A Fresnel lantern (pronounced frəˈnɛl or fruh-nel) is a common lantern used in theatre that employs a Fresnel lens to wash light over an area of the stage. The lens produces a wider, soft-edged beam than a spotlight or key light, and is commonly used for back light and top light.

==Description==

1: Cross section of a Fresnel lens
2: Cross section of a conventional plano-convex lens of equivalent power

The distinctive lens used in a Fresnel lantern is named after its inventor, Augustin-Jean Fresnel, who developed it for use in lighthouses. It has a 'stepped' appearance instead of the 'full' or 'smooth' face of other lenses. This allows the lens to focus the light by tilting each successive ring of glass slightly more steeply as its distance increases from the center. If the glass were completely flat, this would cause a corresponding pattern of circles of light, so Fresnel lenses are usually stippled on the flat side. This pattern of small bumps helps to break up the light passing through the lens and gives Fresnels their characteristic soft beam. This means that the intensity of the light is consistent across the spread of the beam of light, as opposed to being less intense around the edges as in an ellipsoidal reflector spotlight (ERS).

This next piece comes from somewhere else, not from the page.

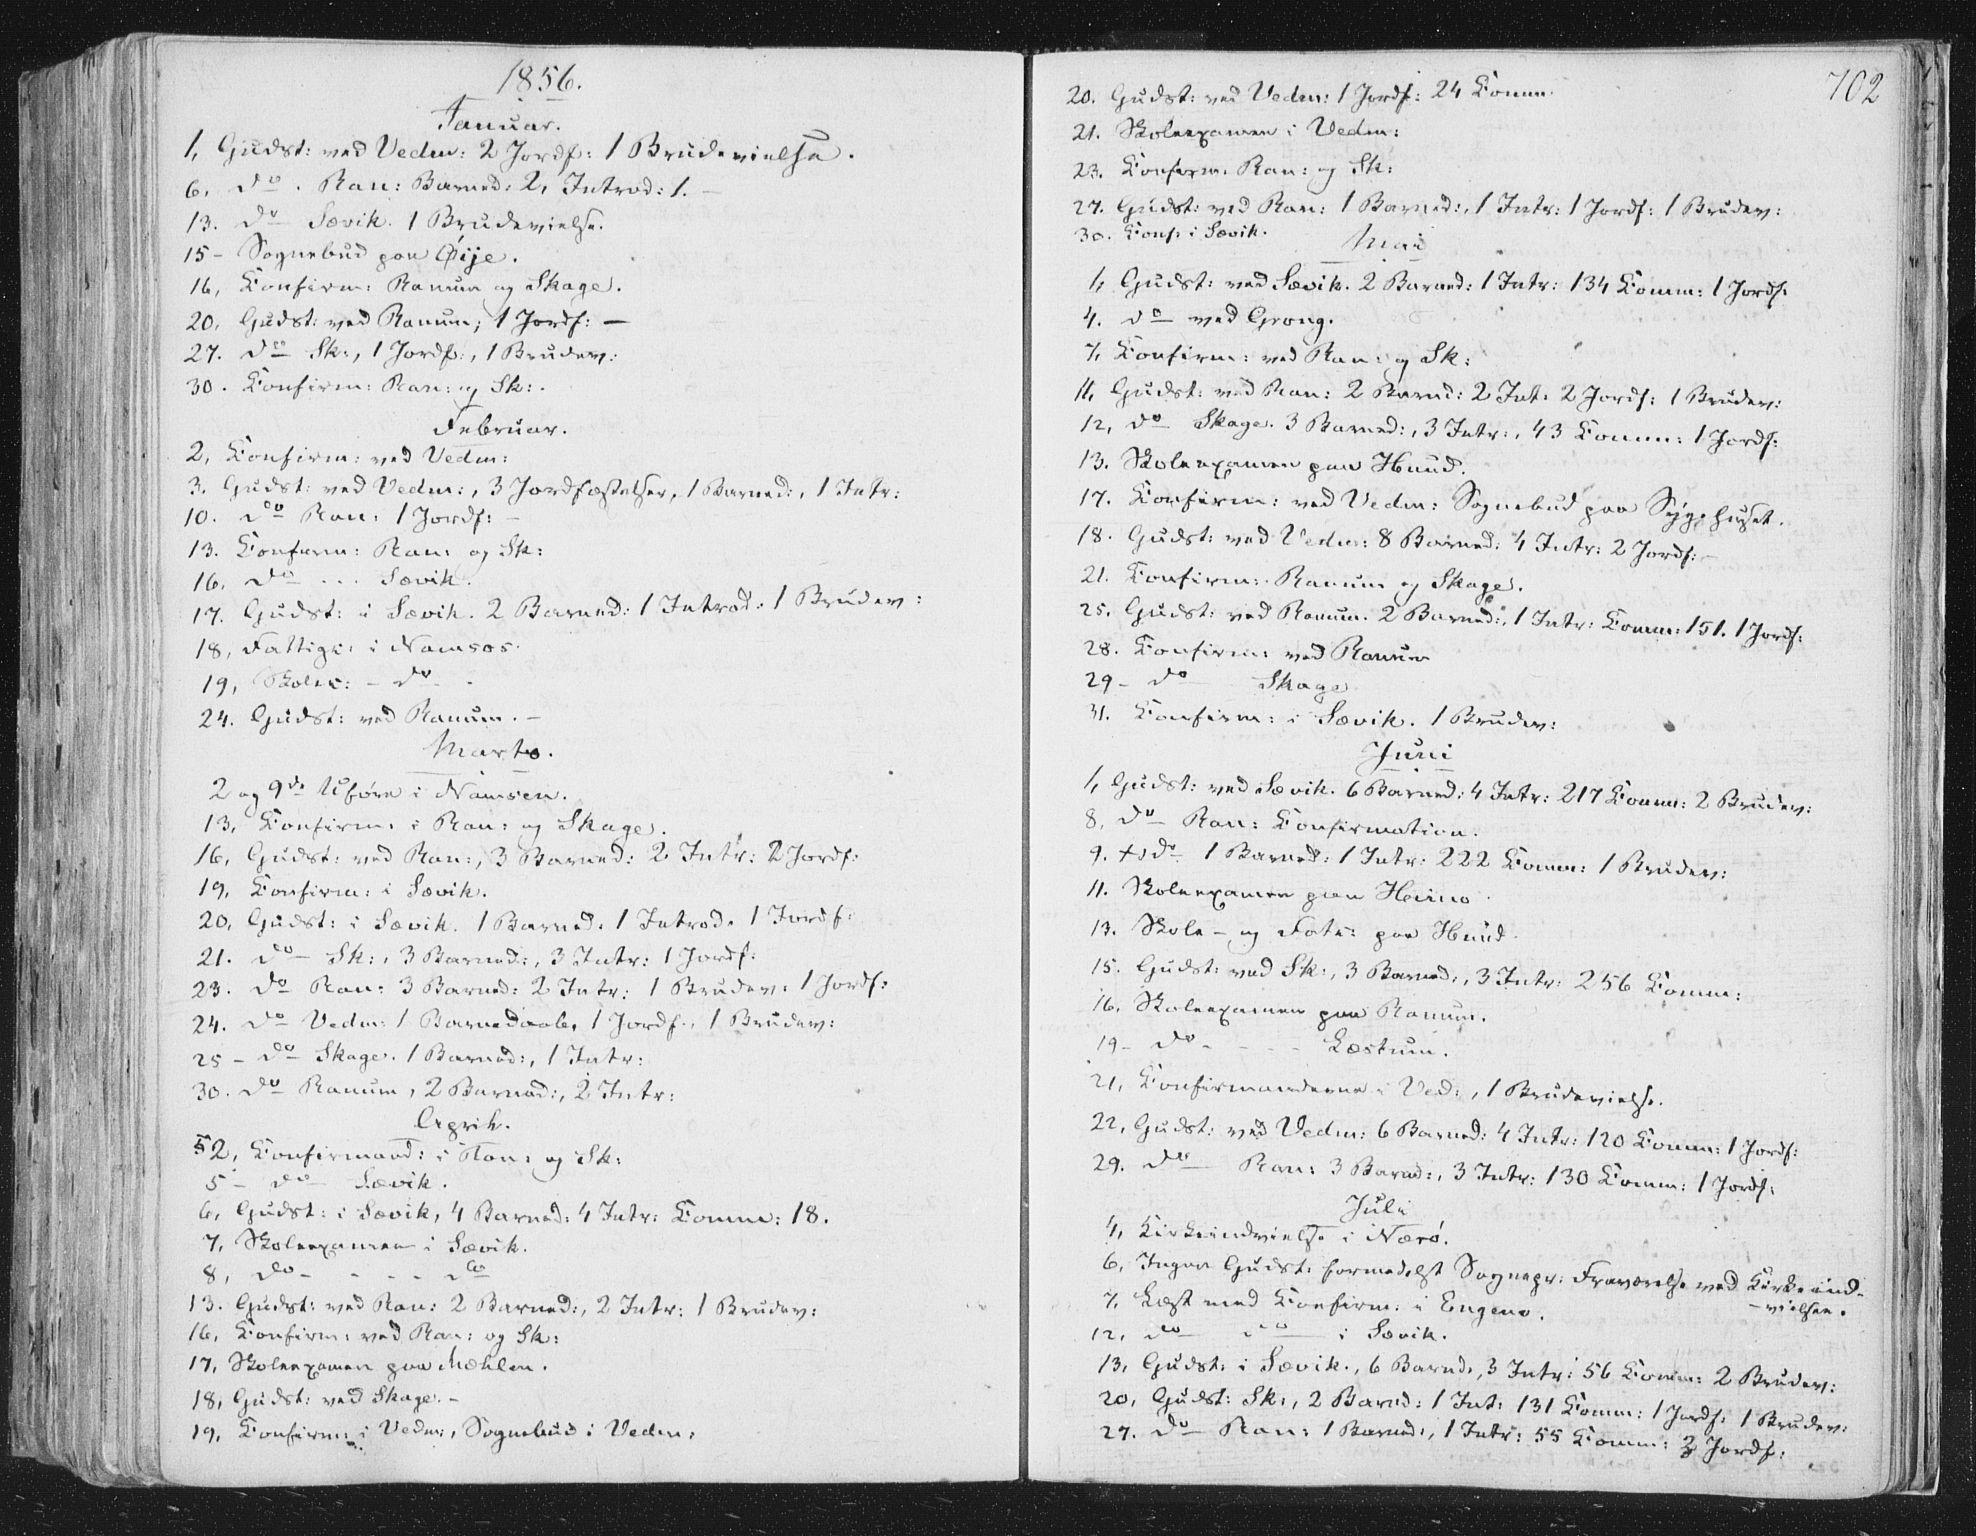 SAT, Ministerialprotokoller, klokkerbøker og fødselsregistre - Nord-Trøndelag, 764/L0552: Ministerialbok nr. 764A07b, 1824-1865, s. 702

The stepped lens design also causes less heat buildup than does a plano-convex lens of the same angle.

==Construction==
Theatrical Fresnel lanterns are typically made in three-, six-, or eight-inch lens diameters, with lamps ranging in power from 150 W to 2,000 W. The three-inch variety is referred to as an inkie. Fresnel lenses can be placed close to the light source and are inexpensive to produce.

In film lighting lenses range in size from 2 to 24 inches, and lamp power between 150 W and 24,000 W.

Fresnels use a spherical reflector, with the filament of the lamp at its focus point. This effectively doubles the light delivered by the fixture, as all that is emitted backwards into the reflector is reflected back out the front. As with most lighting fixtures, the lamp and reflector cannot move independently, and are moved together as a unit to focus the beam. This is done by a slider on the bottom of the lantern, or a worm track and crank in the back of the unit. The lamps work best with their bases facing up, with bulb life shortened significantly when mounted upside down.

Since the reflector of a Fresnel lantern cannot be larger than its lens aperture, the lamps are not very efficient. Only the light emitted straight forward or backward (and redirected forward by the reflector) is utilized, with the rest absorbed by the casing as waste heat.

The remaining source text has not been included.